## BRIEF
From first line to last, transcribe the listing exactly and skip any image.

## DATA EXCERPT
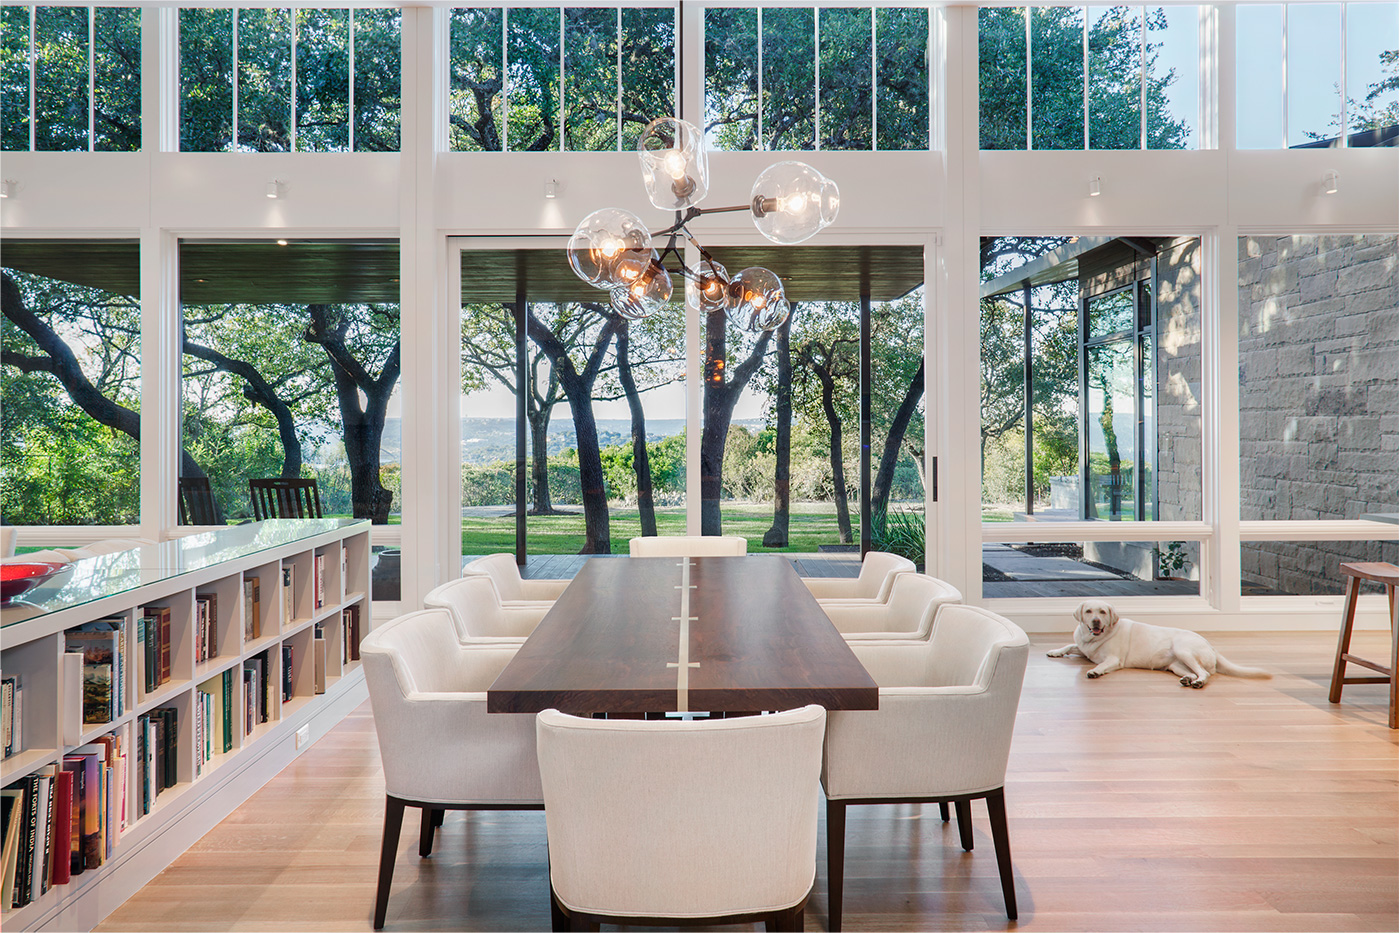 a central dining table Infront of large windows that look out to a view.
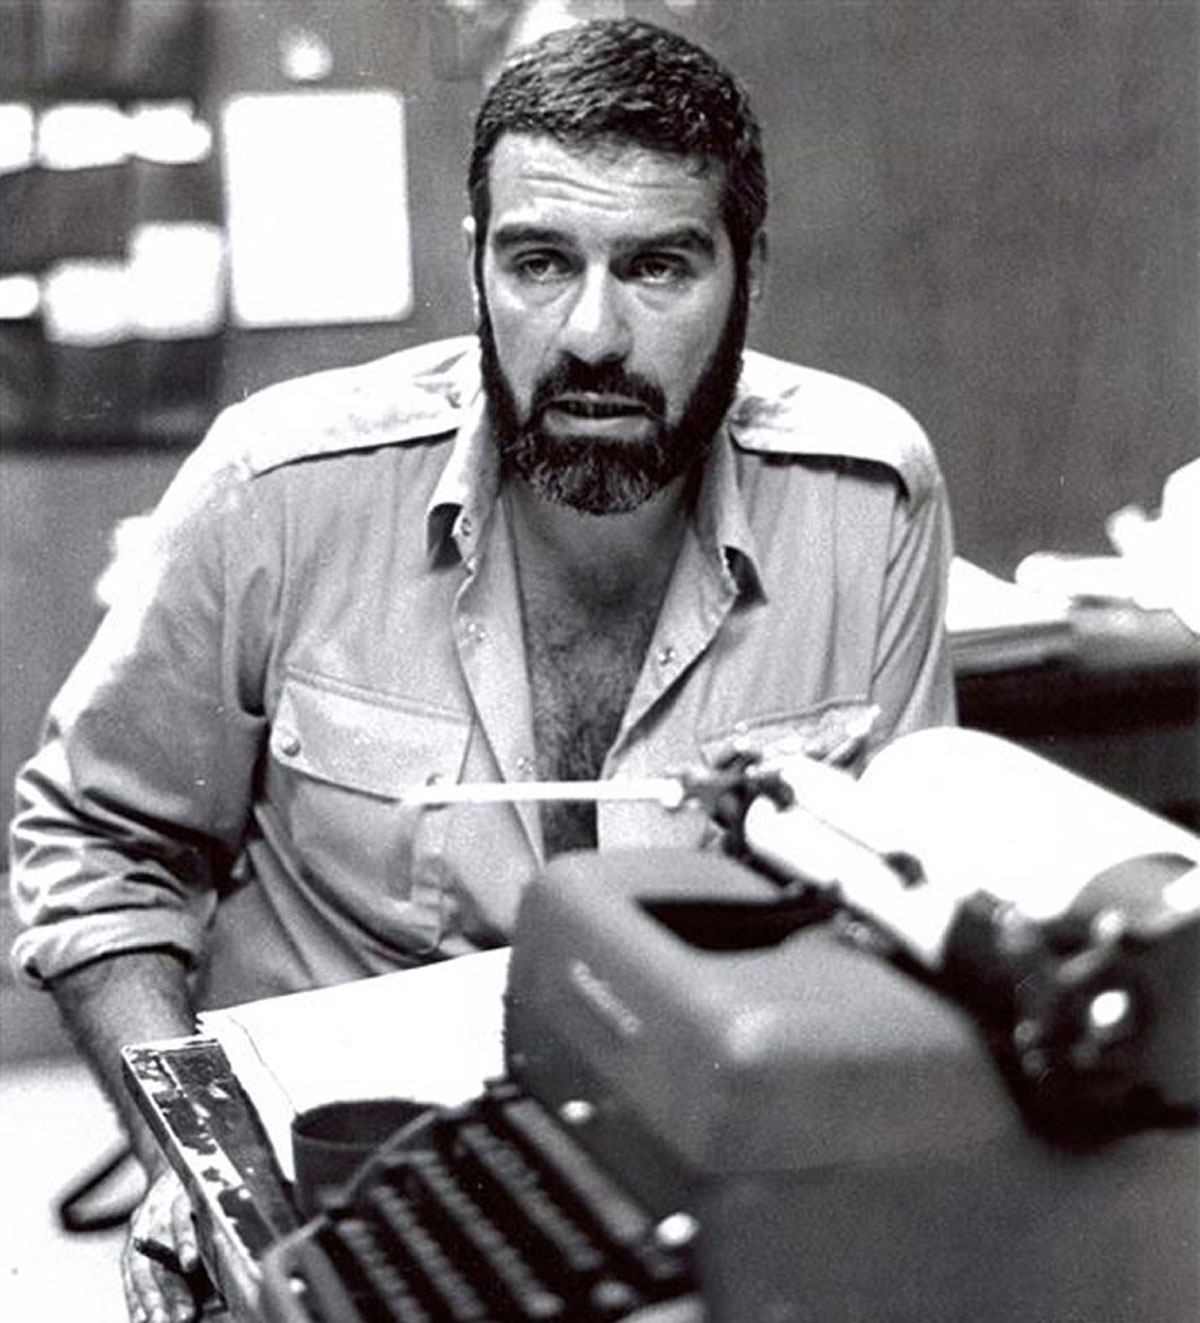 Sergei Dovlatov in the office of 'The New American' newspaper, 1980. Source: Archive photo
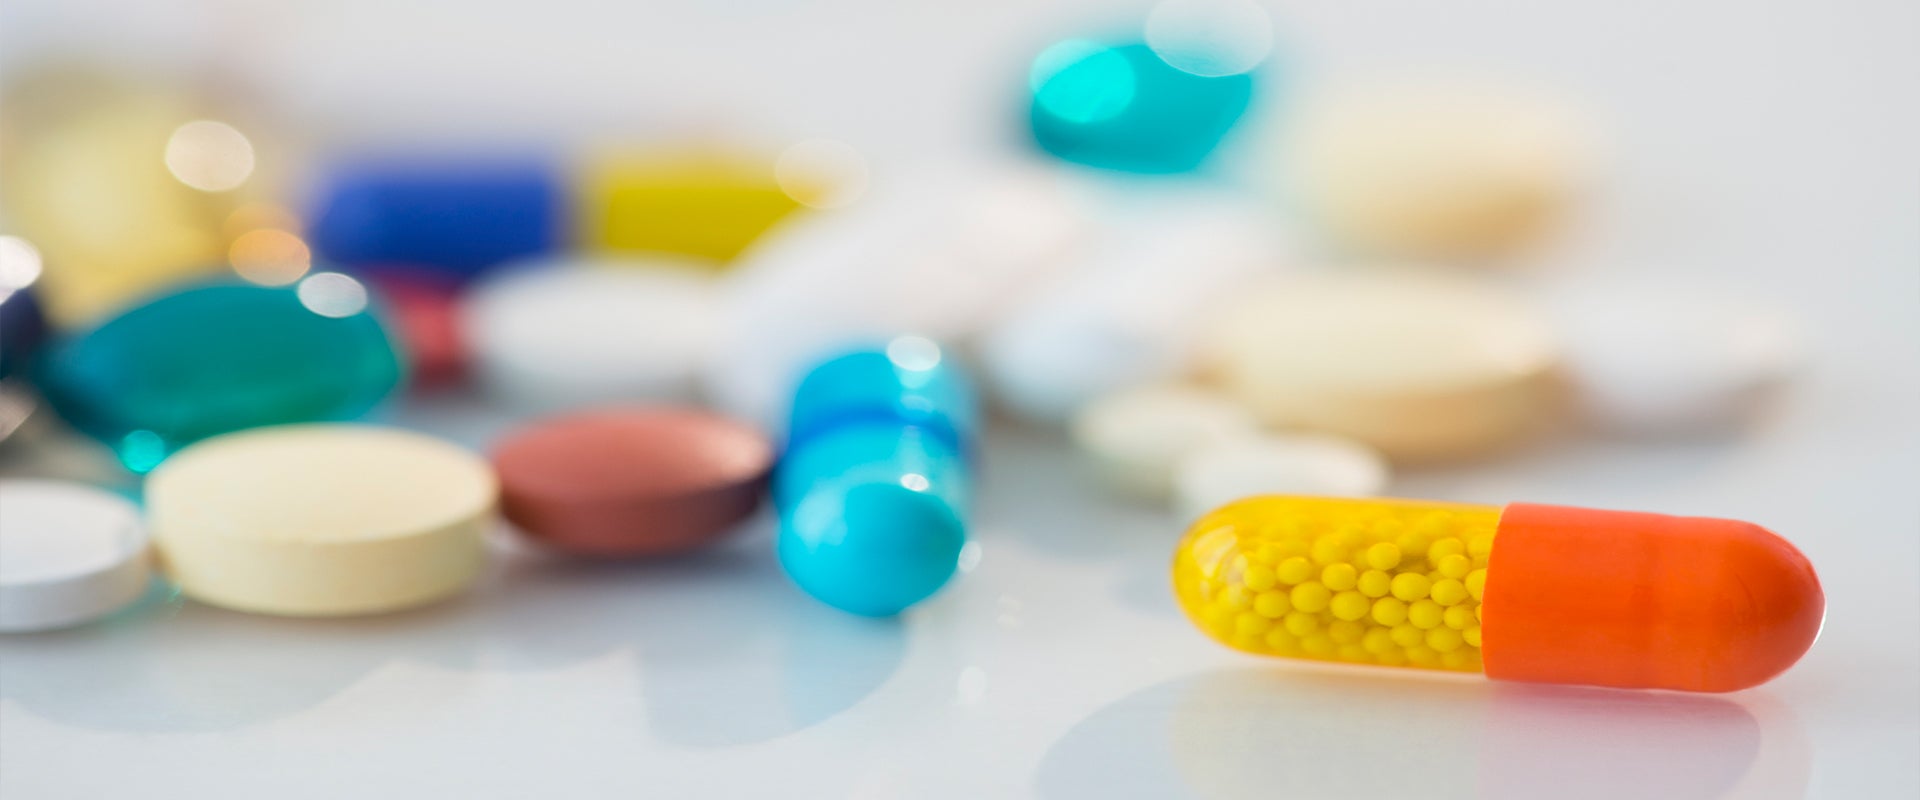 Are Big Deals Back in the Brazilian Pharmaceutical Market?

## RESPONSE
 a central dining table Infront of large windows that look out to a view.
 Sergei Dovlatov in the office of 'The New American' newspaper, 1980. Source: Archive photo
 Are Big Deals Back in the Brazilian Pharmaceutical Market?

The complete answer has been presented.